Most of the books on child-rearing tell us that one of our important goals as parents is to help our children separate from us, to help them become independent individuals who will one day be able to function on their own without us. We're urged not to think of our children as little carbon copies of us or extensions of ourselves, but as unique human beings with different temperaments, different tastes, different feelings, different desires, different dreams.
Yet how are we to help them become separate, independent persons? By allowing them to do things for themselves, by permitting them to wrestle with their own problems, by letting them learn from their own mistakes.
Easier said than done. (p.136)Are you happy with how your students are davening on their own? Have you observed them in shul on Shabbat or a holiday? Perhaps the problem is that they have been encouraging them to daven politely in public and not necessarily prepared them for their separation from an adult led environment?
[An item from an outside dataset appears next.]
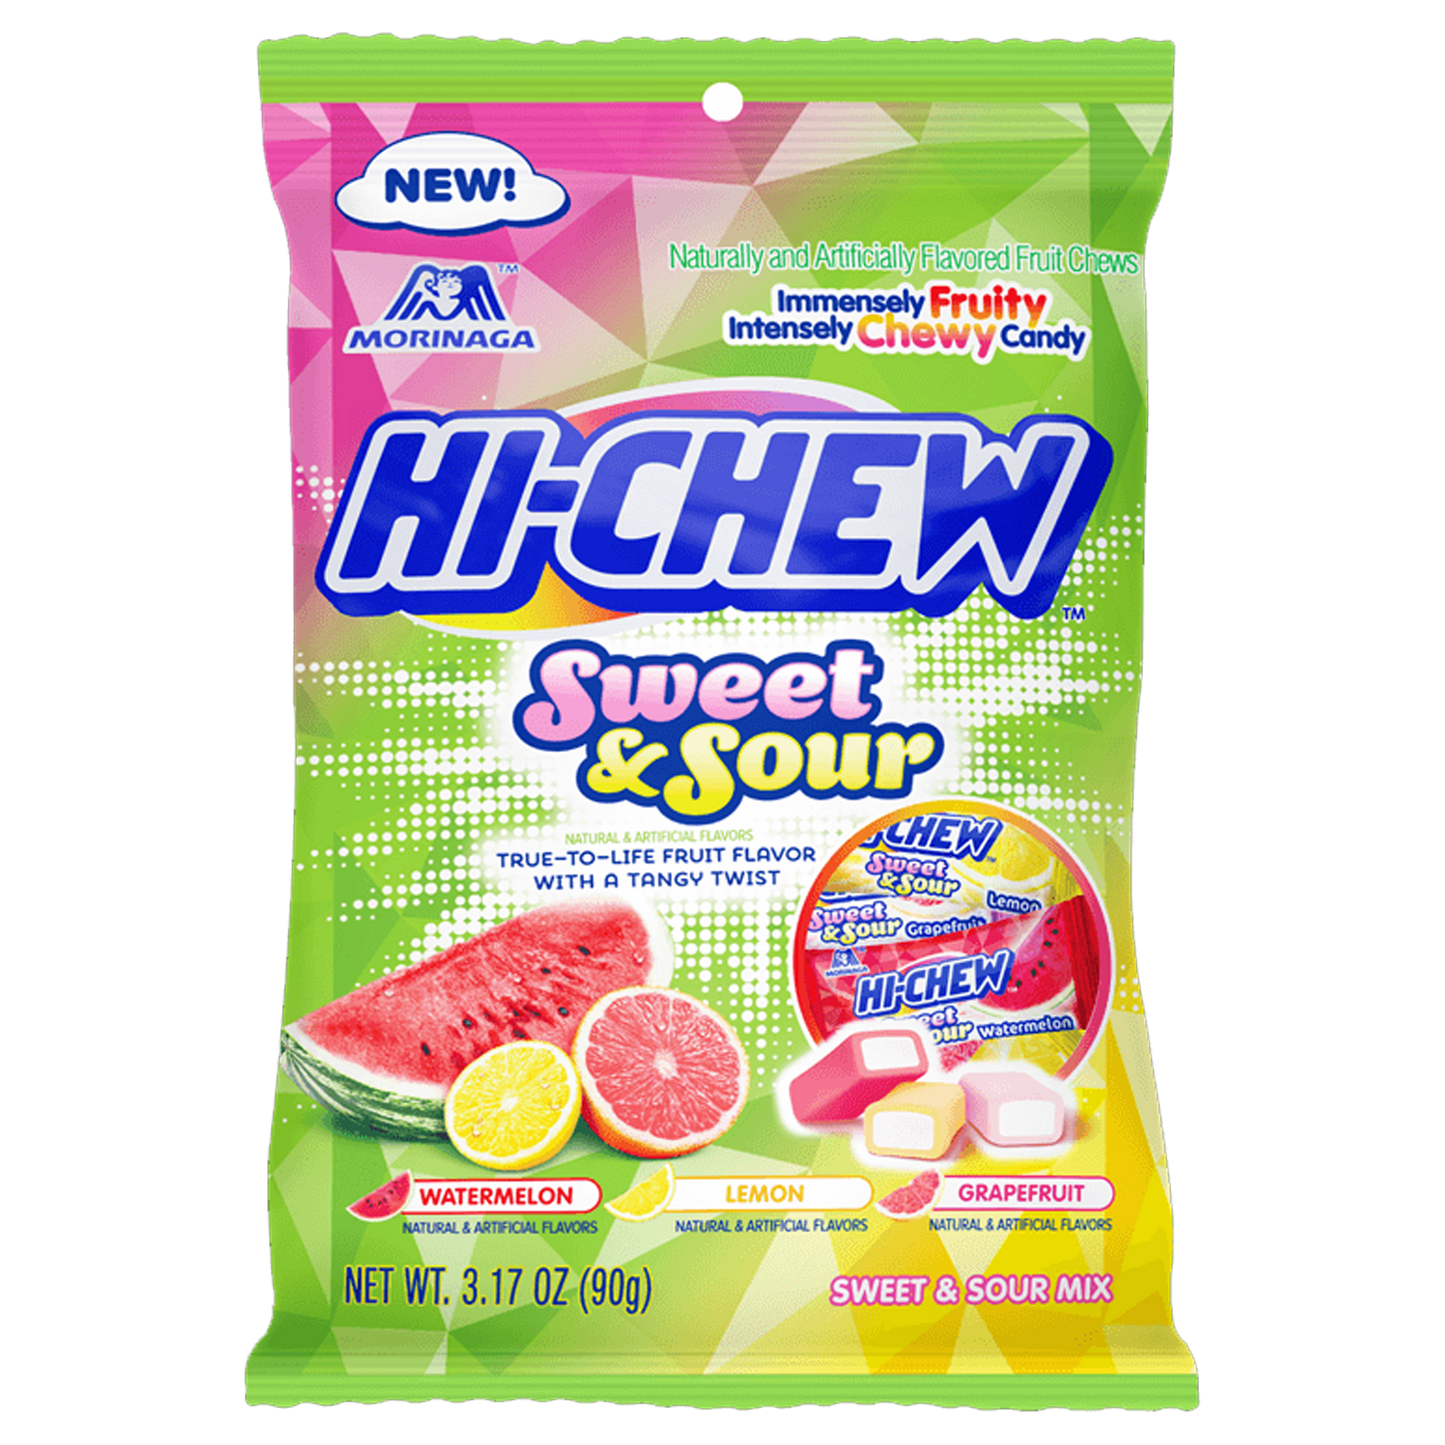 Hi-Chew Sweet & Sour Mix 90g (Watermelon, Grapefruit, Lemon)

I know that teachers are not to blame for the lack of davening happening outside of school hours (parents do have a role - at my son's first grade siddur party at his religious school the head rabbi not so subtly encouraged even the parents to take more of an opportunity to use their siddurim as well), but I fear that one of the big problems of the prevalent tefilla pedagogy is that students are not being engaged to do so on their own terms and time. It is indeed easier said than done - but I think that the current model is doing just that - modeling behavior and norms and trying to create carbon copies. Schools need to be laboratories for children to trained to tackle their present and future spiritual challenges, in their own unique way but within a broad and strong tradition and semi-public atmosphere.